To do so, we use independent data as co-variates, namely variables from the closest gridpoint in ERA5 and ERA5-land. Other potential co-variates could be AWS data from other locations around Lake Geneva or data from other weather models or reconstructions. 

## Activate G2S server

In [None]:
#!pip install G2S libtiff --quiet
from g2s import g2s
g2s('--version')


In [None]:
#! git clone https://github.com/GAIA-UNIL/G2S.git --quiet

In [None]:
#%%capture
#!export NVFLAGS='-gencode=arch=compute_35,code=sm_35 -gencode=arch=compute_37,code=sm_37 -gencode=arch=compute_50,code=sm_50 -gencode=arch=compute_52,code=sm_52 -gencode=arch=compute_60,code=sm_60 -gencode=arch=compute_61,code=sm_61 -gencode=arch=compute_70,code=sm_70 -gencode=arch=compute_70,code=compute_70'
#!sudo apt -qq install build-essential libzmq3-dev libjsoncpp-dev zlib1g-dev libfftw3-dev libcurl4-openssl-dev -y
#!sudo wget -q "https://raw.githubusercontent.com/zeromq/cppzmq/master/zmq.hpp" -O /usr/include/zmq.hpp
#!( cd G2S/build && make c++ -j --silent)
#!bash G2S/build/c++-build/install_needs_W_VM.sh

In [None]:
!pwd

In [None]:
os.chdir("/home/mwegmann/g2s")

In [None]:
!bash -c "cd G2S/build/c++-build/ && ./server -d"


In [None]:
ti = numpy.array(Image.open(BytesIO(requests.get('https://raw.githubusercontent.com/GAIA-UNIL/TrainingImagesTIFF/master/stone.tiff').content)));

In [None]:
a=g2s('-a','echo','-ti',ti,'-dt',[0])

In [None]:
plt.imshow(a[0], interpolation='nearest')

## folder setup

In [None]:
# change yaml location here
with open(r"/home/mwegmann/g2s/notebooks/folder_gap_filling.yaml", "r") as f:
    directories = yaml.load(f, Loader=yaml.FullLoader)

In [None]:
#for d in directories.values():
#    if not os.path.exists(d):
#        os.makedirs(d)

In [None]:
# defining folders
input_folder=directories["g2s_input_folder"]

output_folder=directories["g2s_output_folder"]

scripts_folder=directories["scripts_folder"]

## read in data

In [None]:
meteo_orig=xr.open_dataset(input_folder+"meteo_1hr_g2s.nc")

In [None]:
meteo_orig

In [None]:
era5=xr.open_dataset(input_folder+"era5_lexplore_g2s.nc")

In [None]:
era5

In [None]:
era5_land=xr.open_dataset(input_folder+"era5_land_lexplore_g2s.nc")

In [None]:
era5_land

## Fill Air Temperature Data

### understand the average gap size in data

In [None]:
varname="AirTC"


In [None]:
gap_info(var=meteo_orig[varname],varname="meteo_orig_airtc",plot_folder=output_folder)

### Run gapfilling

The idea is to create gaps that are always at the same position, but different in size.


It is tricky to think about a "perfect gap size" that we should try out.
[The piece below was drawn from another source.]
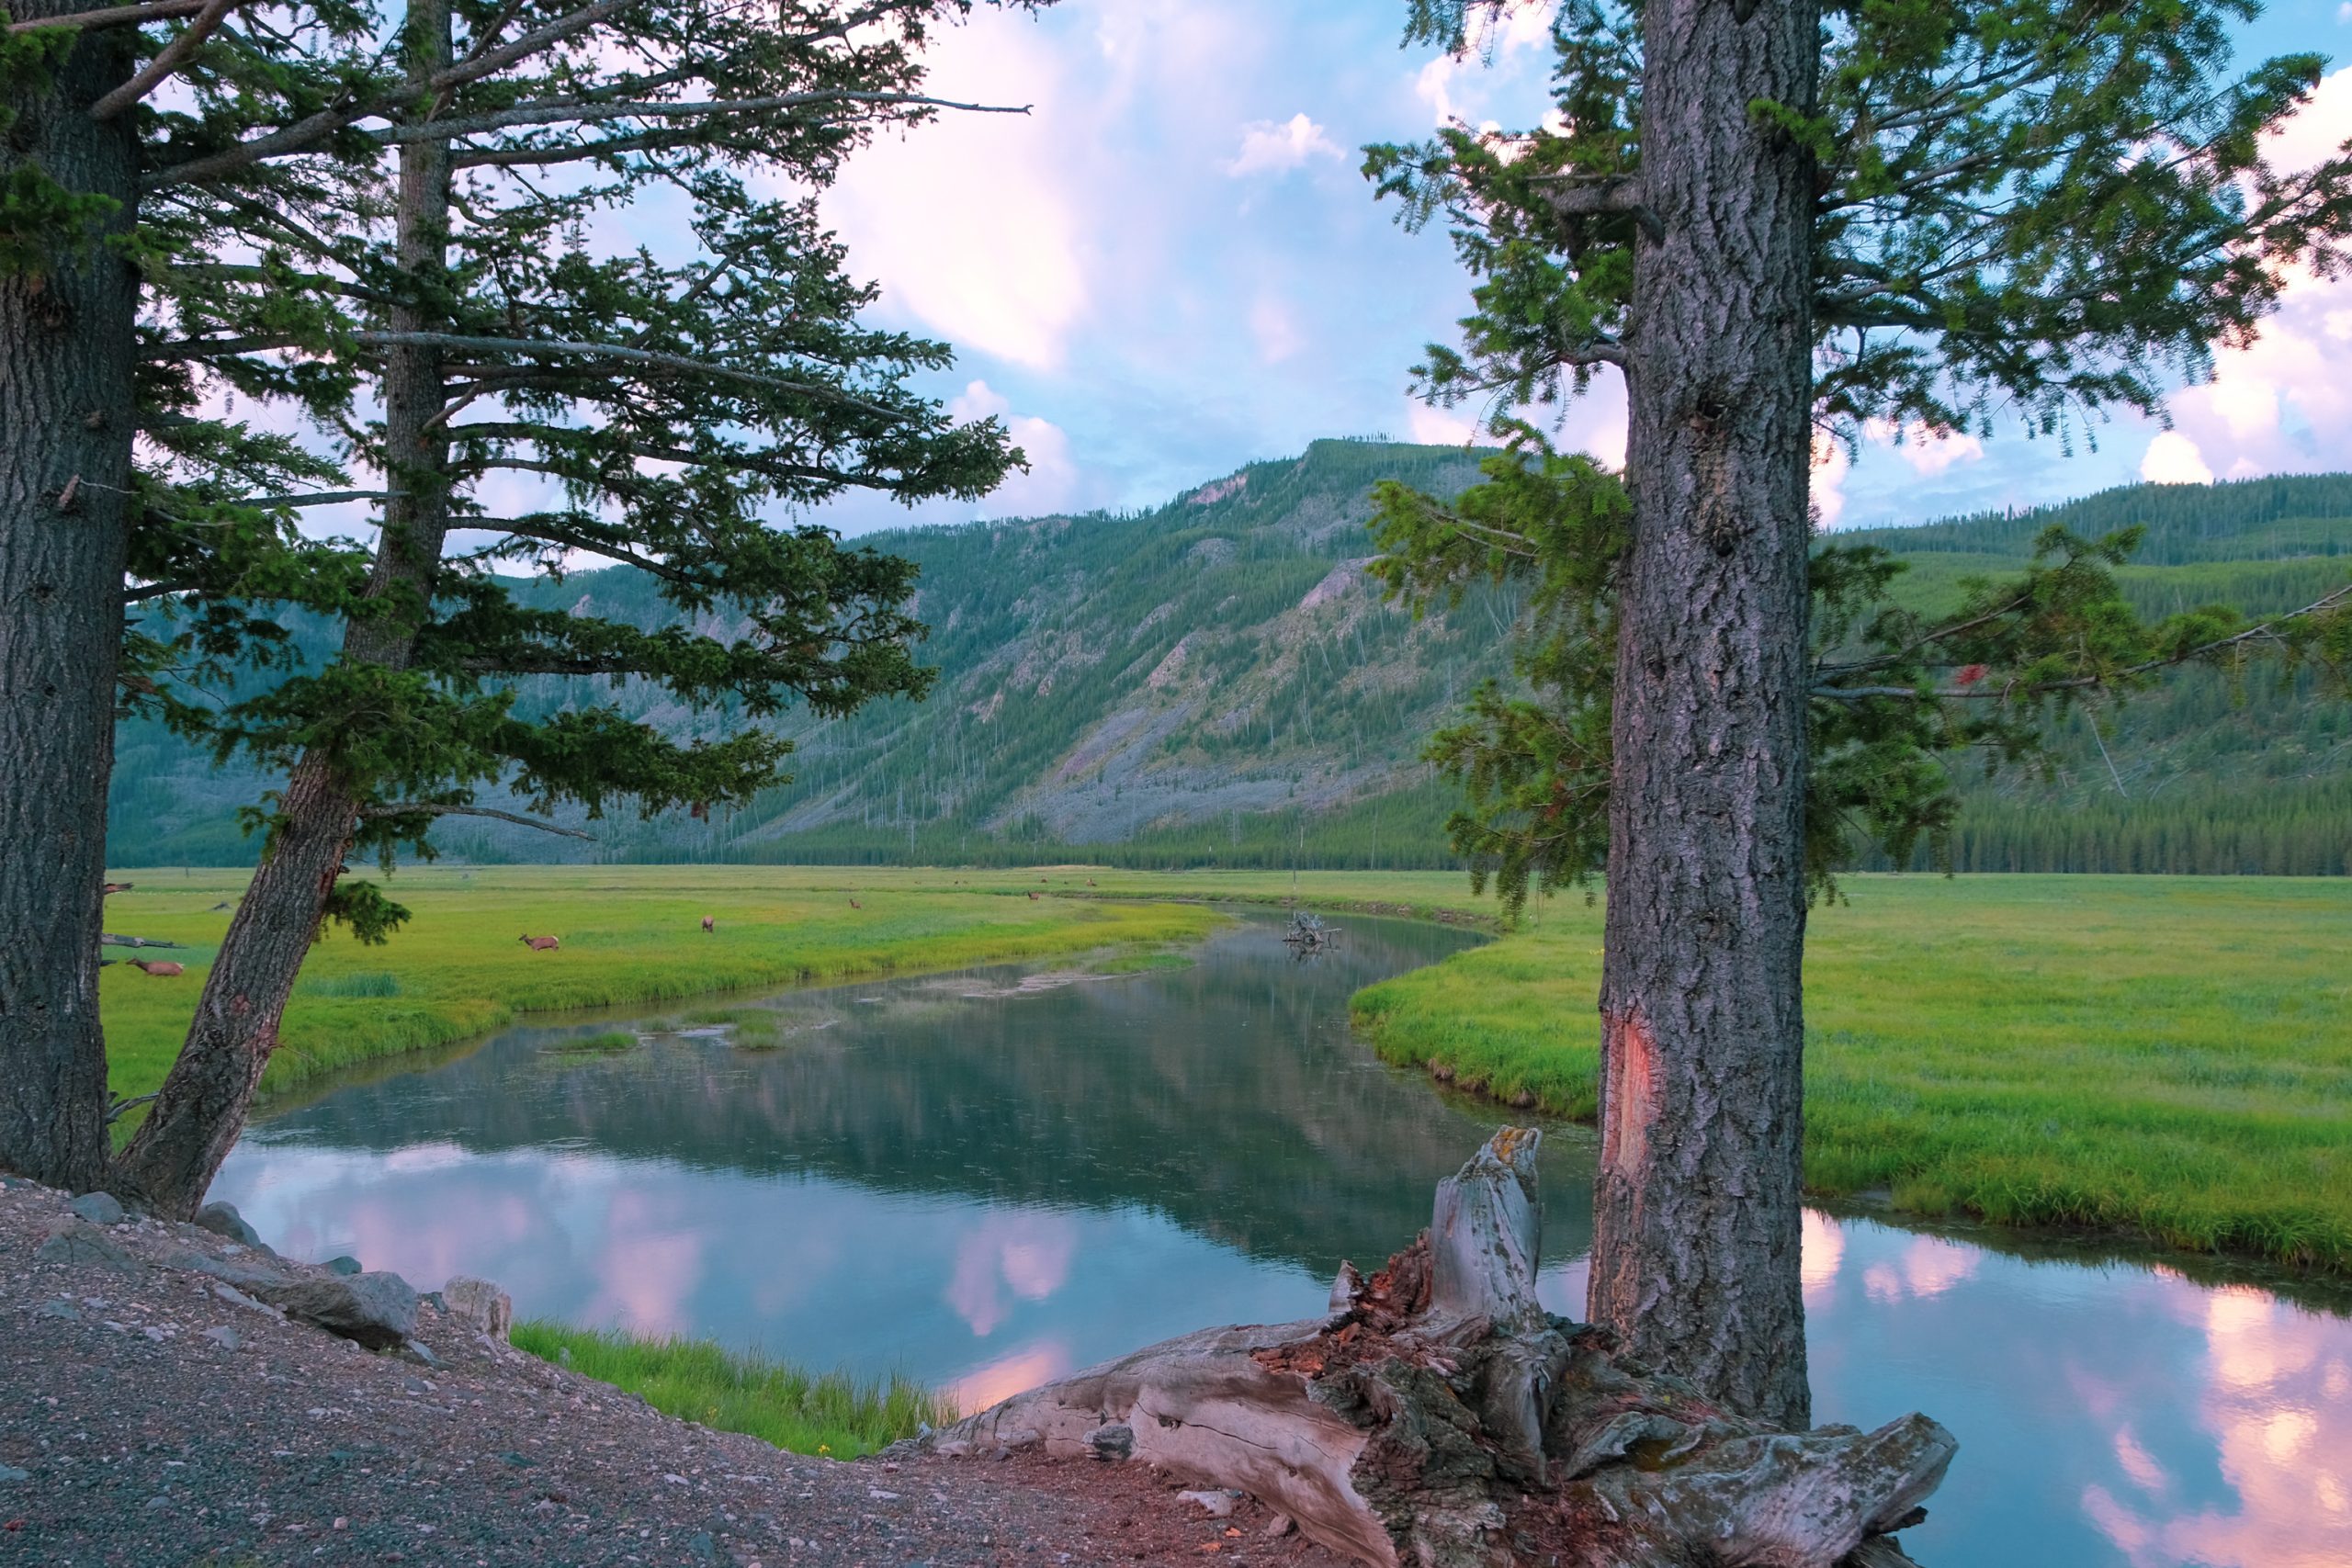 Hirsche und Elche am frühen Morgen in Yellowstone am Madison River

I would suggest that we try out gap sizes from 1 day (24 missing values in the case of the meteo station) towards 4 days (96 missing values in case of the meteo station).

The other question is how many (in %) new missing values do we introduce to evaluate our routine. The meteo station has 3% missing data as it is. Is 10% a good metric to evaluate? 20%?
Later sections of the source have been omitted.